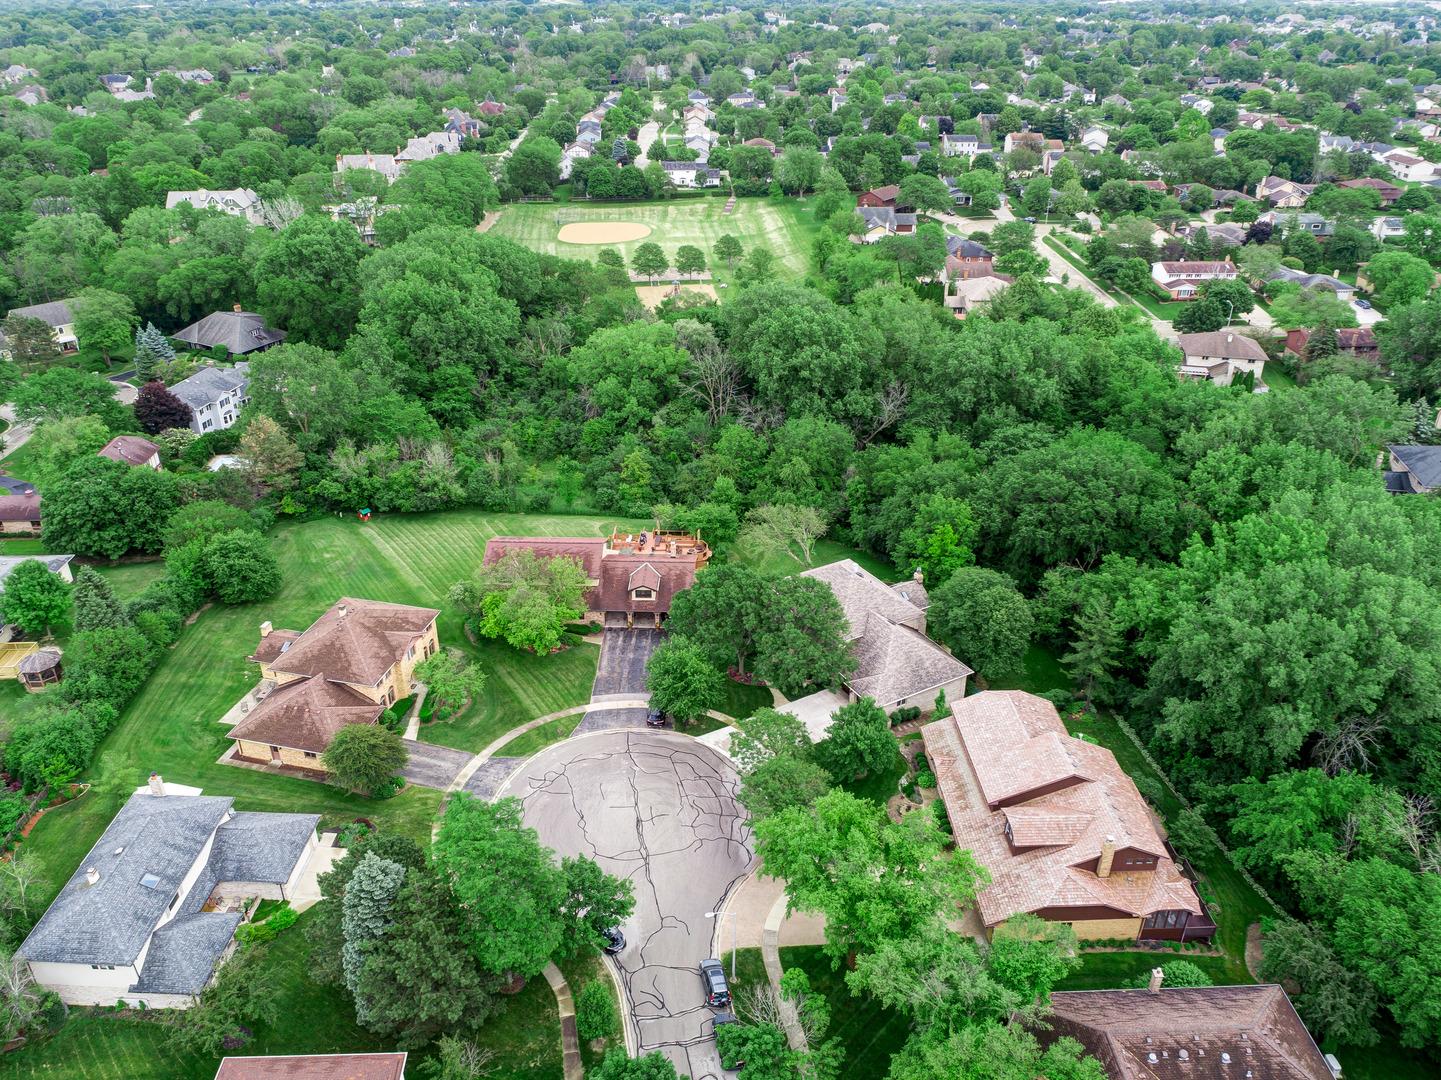 421 Creekside, WILLOWBROOK, Illinois, 60527
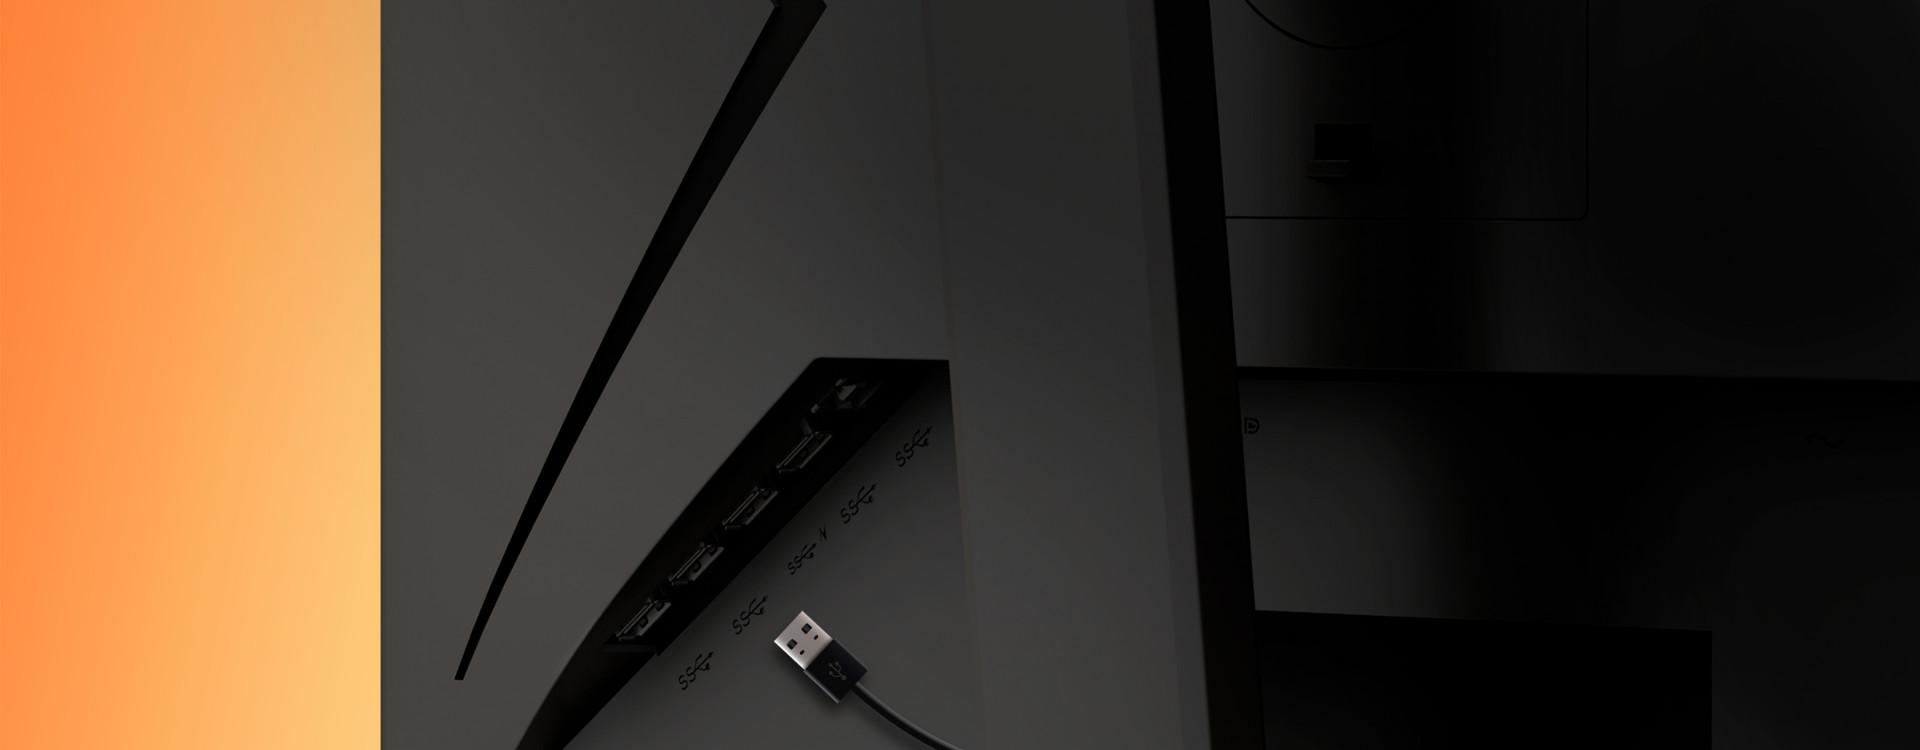 AOC_B2B_C_U28P2_USB_HUB_.jpg
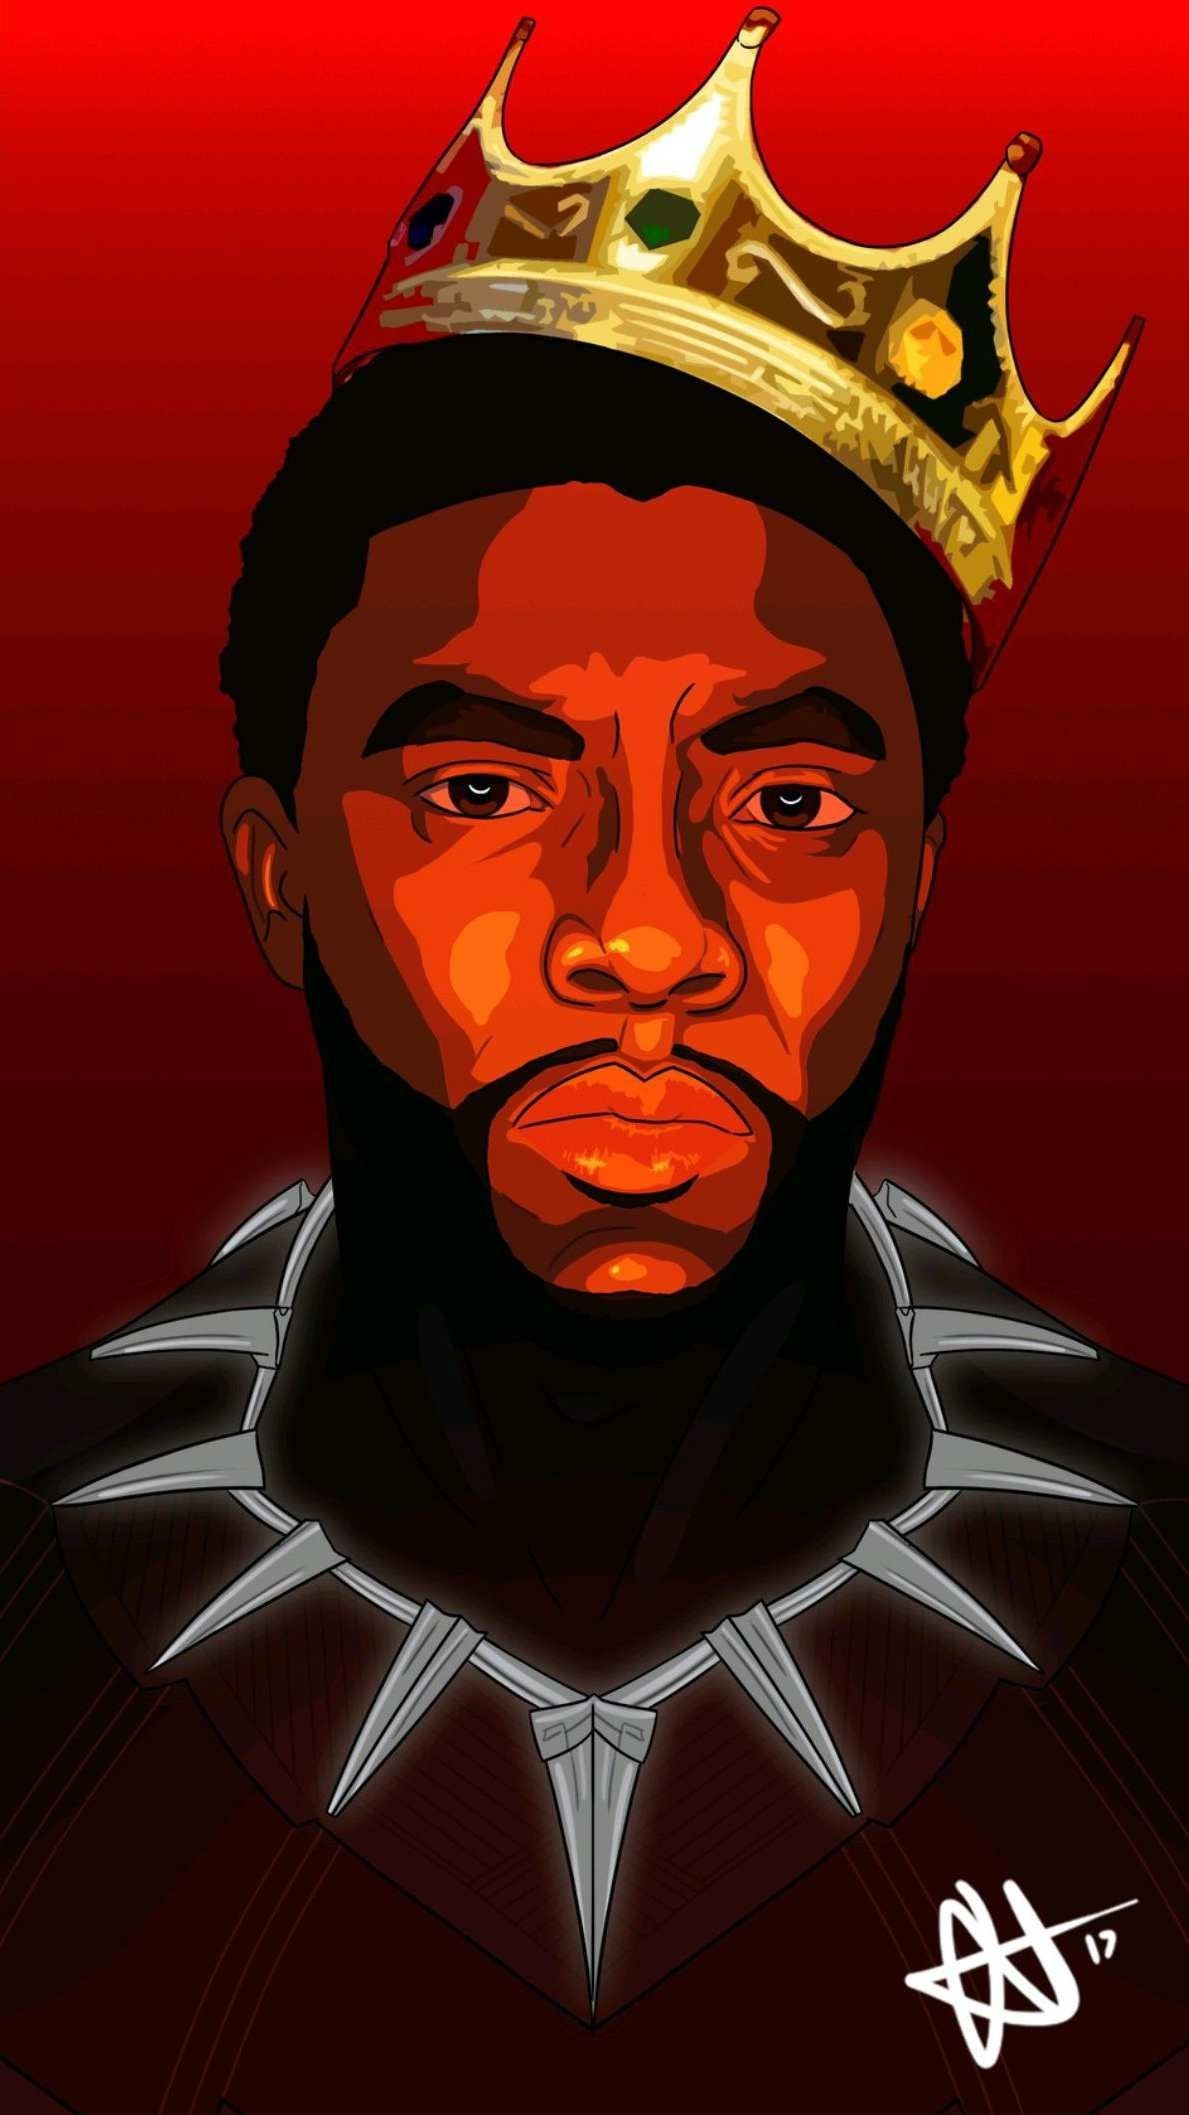 1189x2115 King Of Wakanda Black Panther Wallpaper In 2020 Panther Art Black Panther Art Black Artwork
———
▸ **Work request**
The copy must begin at the line containing "AOC_B2B_C_U28P2_USB_HUB_.jpg" and end at the last line of the data above, with every line retyped exactly and no pictures included.

▸ **Solution**
 AOC_B2B_C_U28P2_USB_HUB_.jpg
 1189x2115 King Of Wakanda Black Panther Wallpaper In 2020 Panther Art Black Panther Art Black Artwork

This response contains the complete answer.